Kitten and I watched him closely over that period. I did not believe he would go without taking revenge on me by doing something audacious to Kitten or me, and Kitten agreed. Since Miia's passing, Kitten's traumatic stay on death row and my decking of Wanka Mal, we had grown very close. So close indeed that while watching Corrie together on the sofa, Kitten whispered to me that we should not hesitate but rather get proactive with the revenge for whatever it was that Wanka Mal was about to do to us. I agreed, and following behind Kitten, I crept up the stairs while he was out. We went into the room he had shared with Miia, and I carefully turned back his bedding. Kitten hunkered down and got busy in the sheets, then I pulled the covers up again, so the bed looked undisturbed, and we were both snorting with laughter when she said,
"Hey, what are you waiting for?

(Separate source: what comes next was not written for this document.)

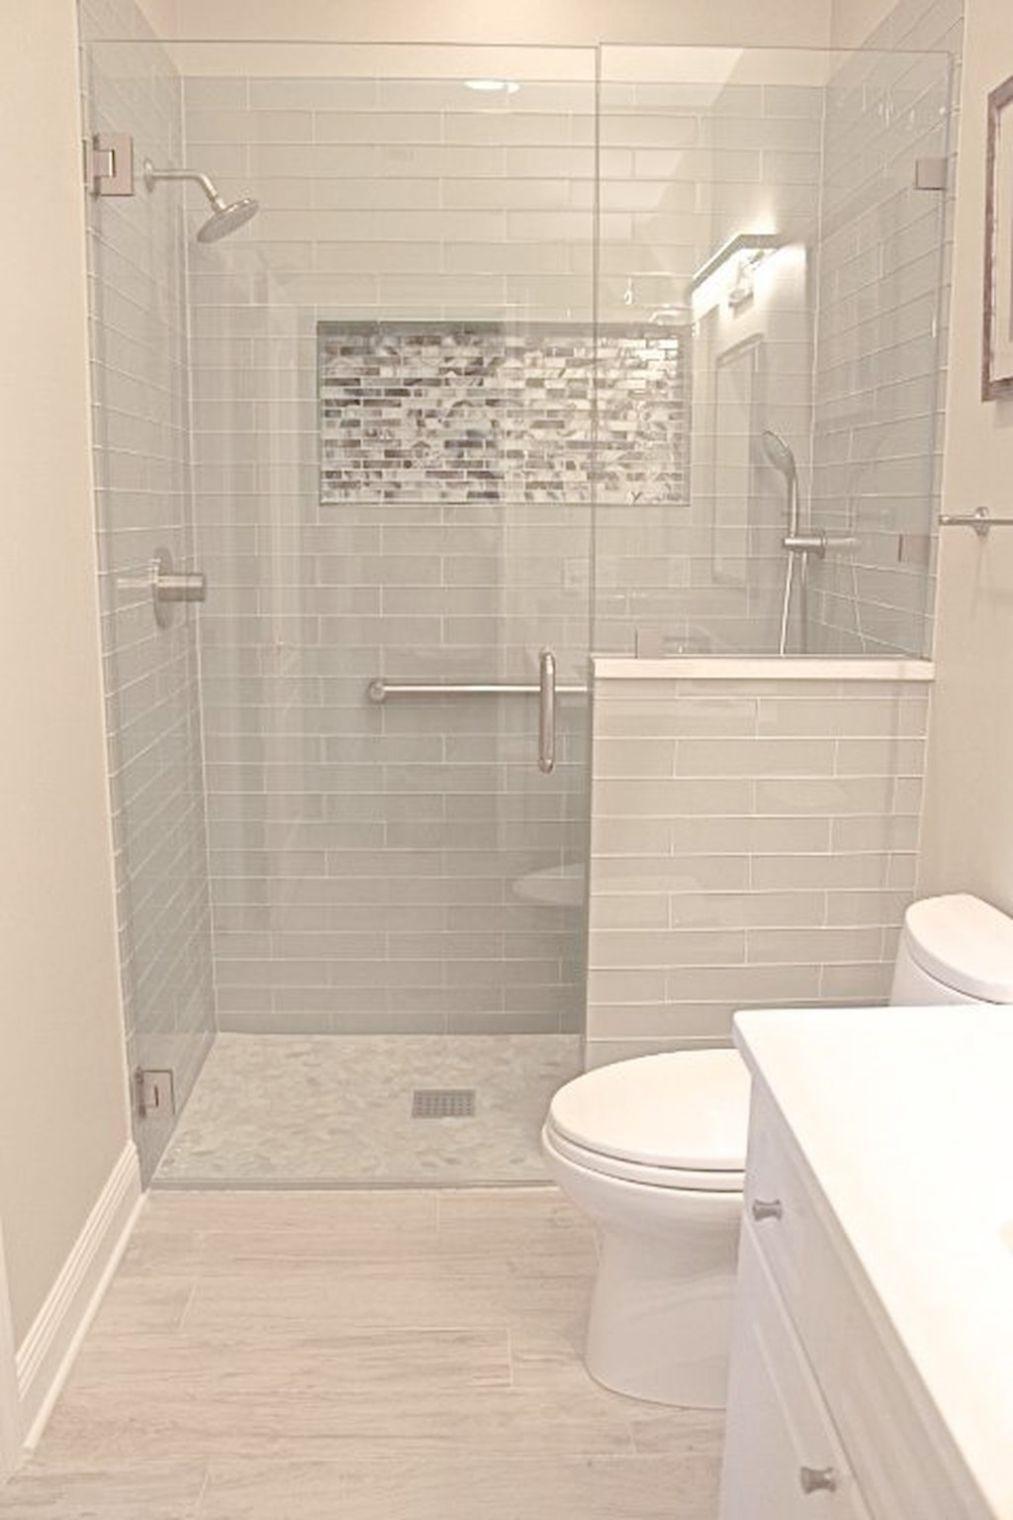 5pcs Bathroom Accessory Set Tumbler Soap Dish Liquid Soap Dispenser Toothbrush Holder Grey In 2020 Bathroom Remodel Shower Master Bathroom Renovation

Wanka Mal's didge is right there; here is your opportunity."
It was too good a chance to miss, and friends, I have to admit to a shameful deed that ruined that didge's prospects ongoing as a wind instrument.
Perhaps the best part of our pre-emptive revenge came later that evening, however, when Wanka Mal, screaming like a banshee, came flying down the stairs with a couple of carrier bags and the dirty didge over his shoulder and flew out of the door, a terrible stench following close behind him like a hell-hound on his trail.
We laughed, Kitten and I, and blessed if that clever old cat didn't suggest a large Jack, which went down a treat and tempted me to a few more of the same.
"Dearest cat," I whispered. "You once told me you were not nice, but I don't care. I love you all the same."